Find the line with "boophis viridis,frog, green" in the records below. Output exactly from there until after the line with "Code Geass Eye", without pictures.

**Task data**
▼▼▼

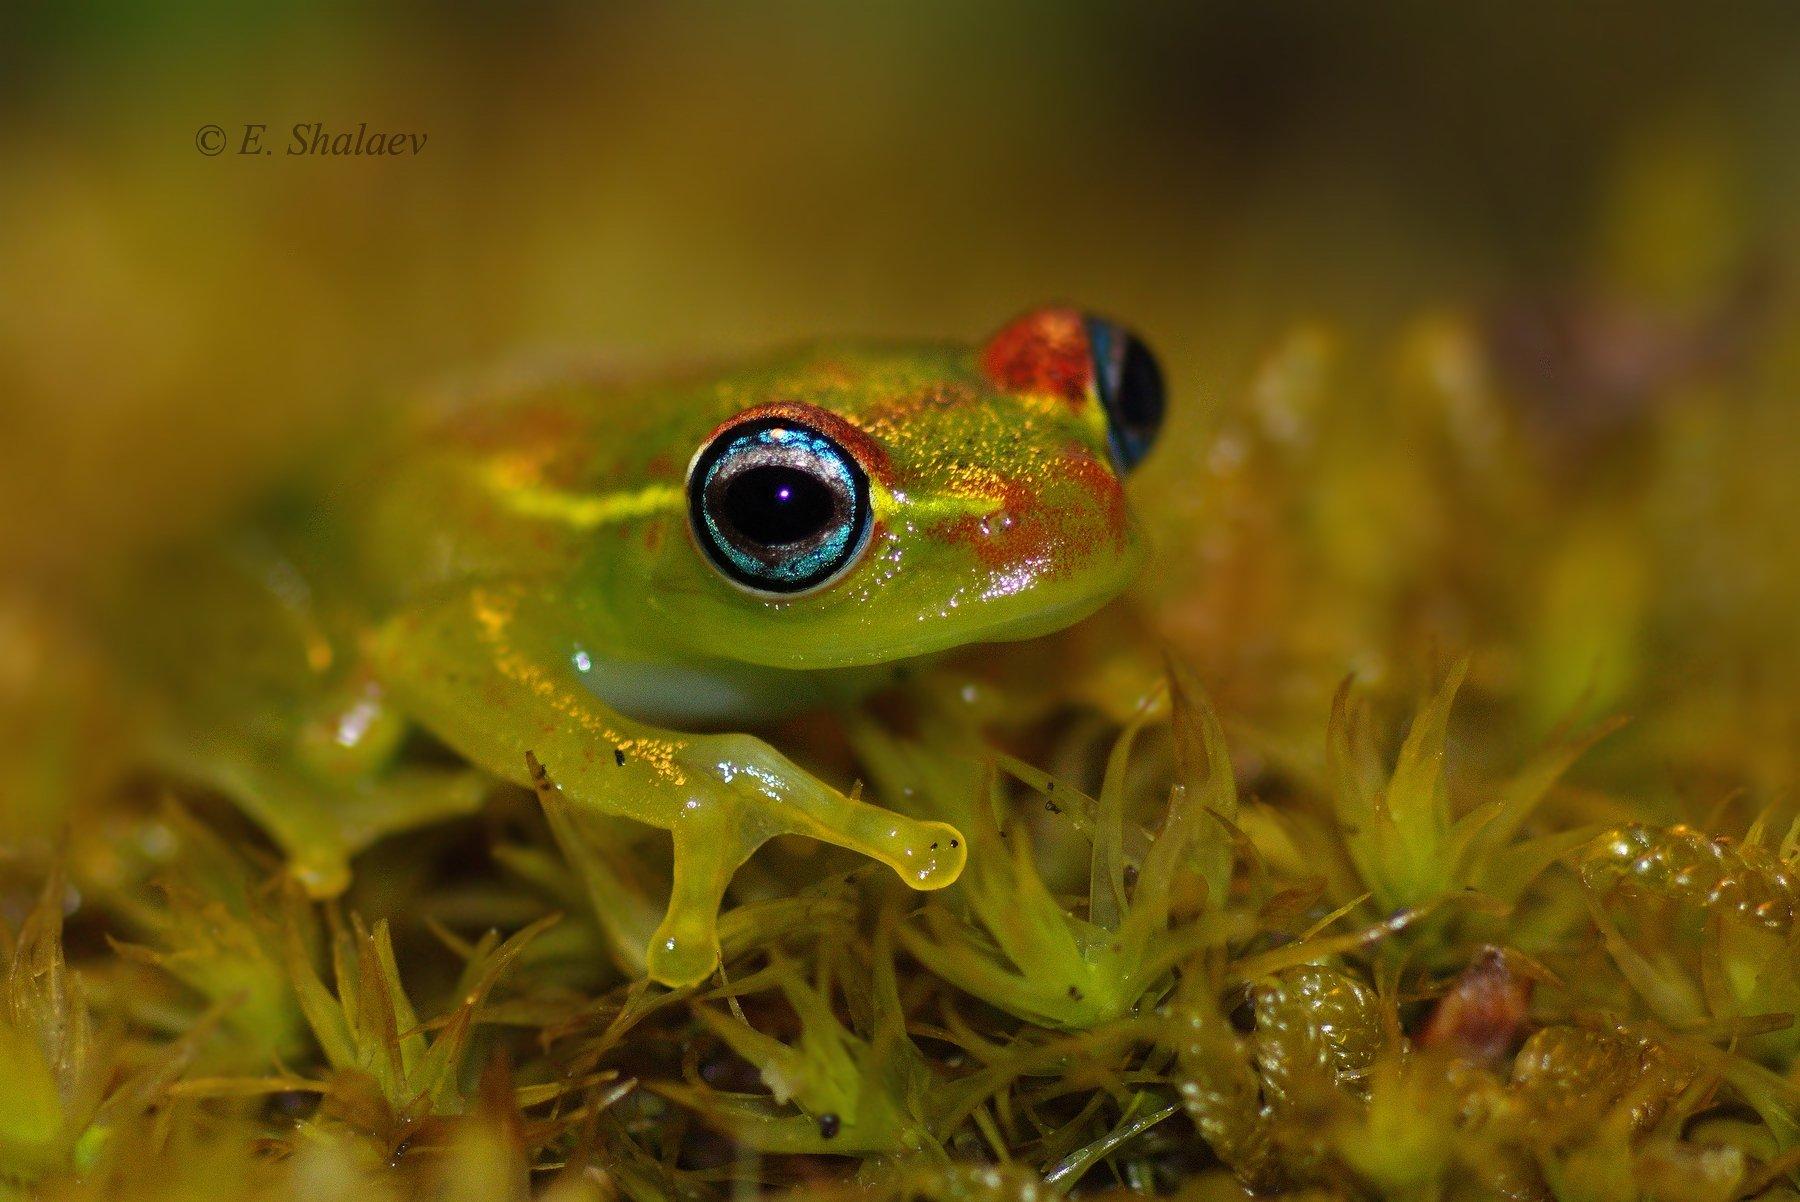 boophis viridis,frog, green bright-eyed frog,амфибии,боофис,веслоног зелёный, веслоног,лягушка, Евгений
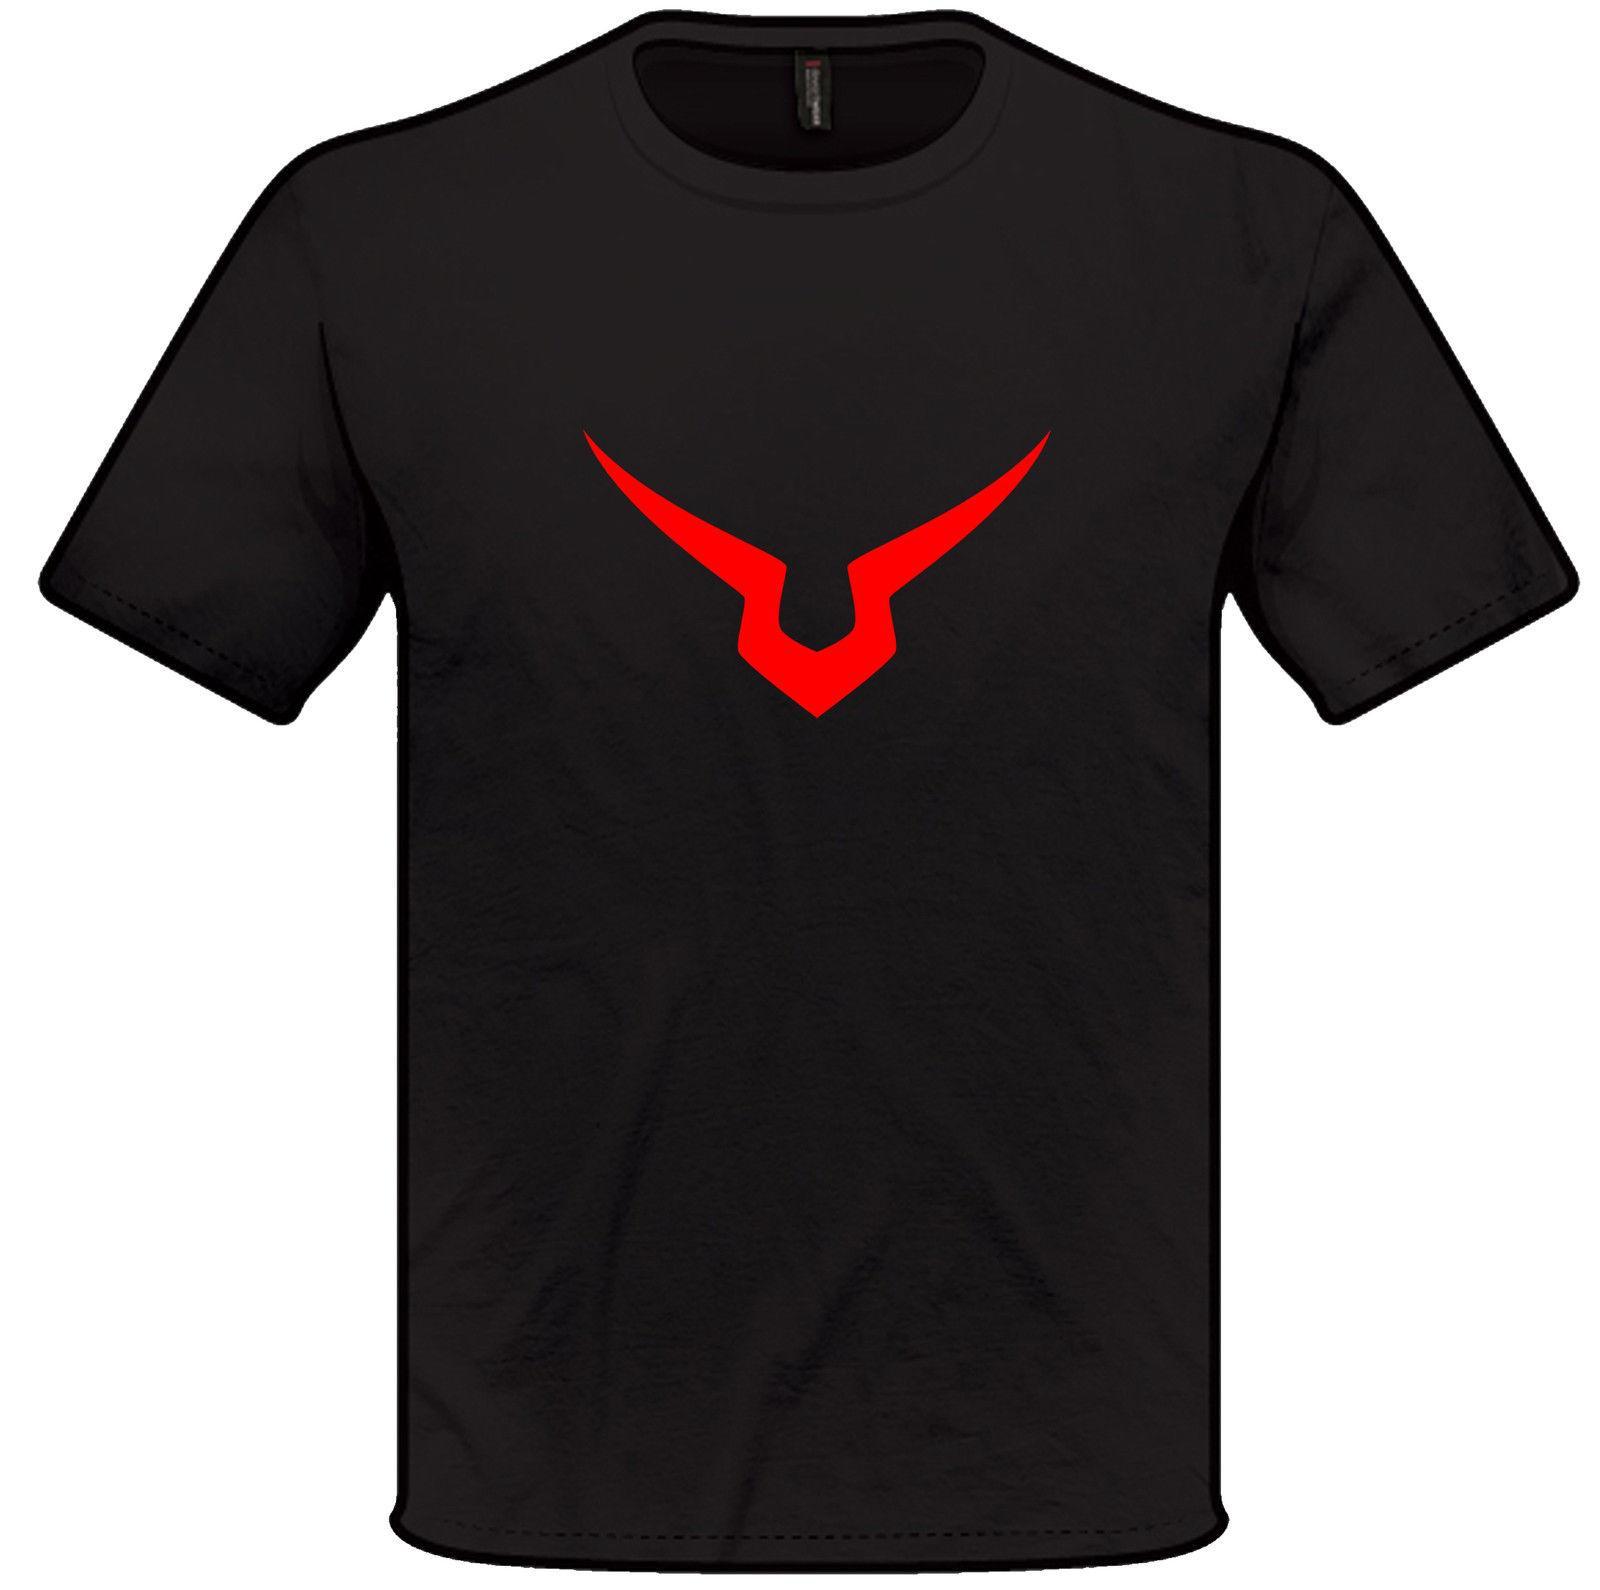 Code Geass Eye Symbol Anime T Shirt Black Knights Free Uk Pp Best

▲▲▲
▼▼▼

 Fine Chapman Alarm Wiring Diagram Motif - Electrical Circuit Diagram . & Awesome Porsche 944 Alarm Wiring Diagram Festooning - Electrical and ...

▲▲▲

**Solution for this task**
 boophis viridis,frog, green bright-eyed frog,амфибии,боофис,веслоног зелёный, веслоног,лягушка, Евгений
 Code Geass Eye Symbol Anime T Shirt Black Knights Free Uk Pp Best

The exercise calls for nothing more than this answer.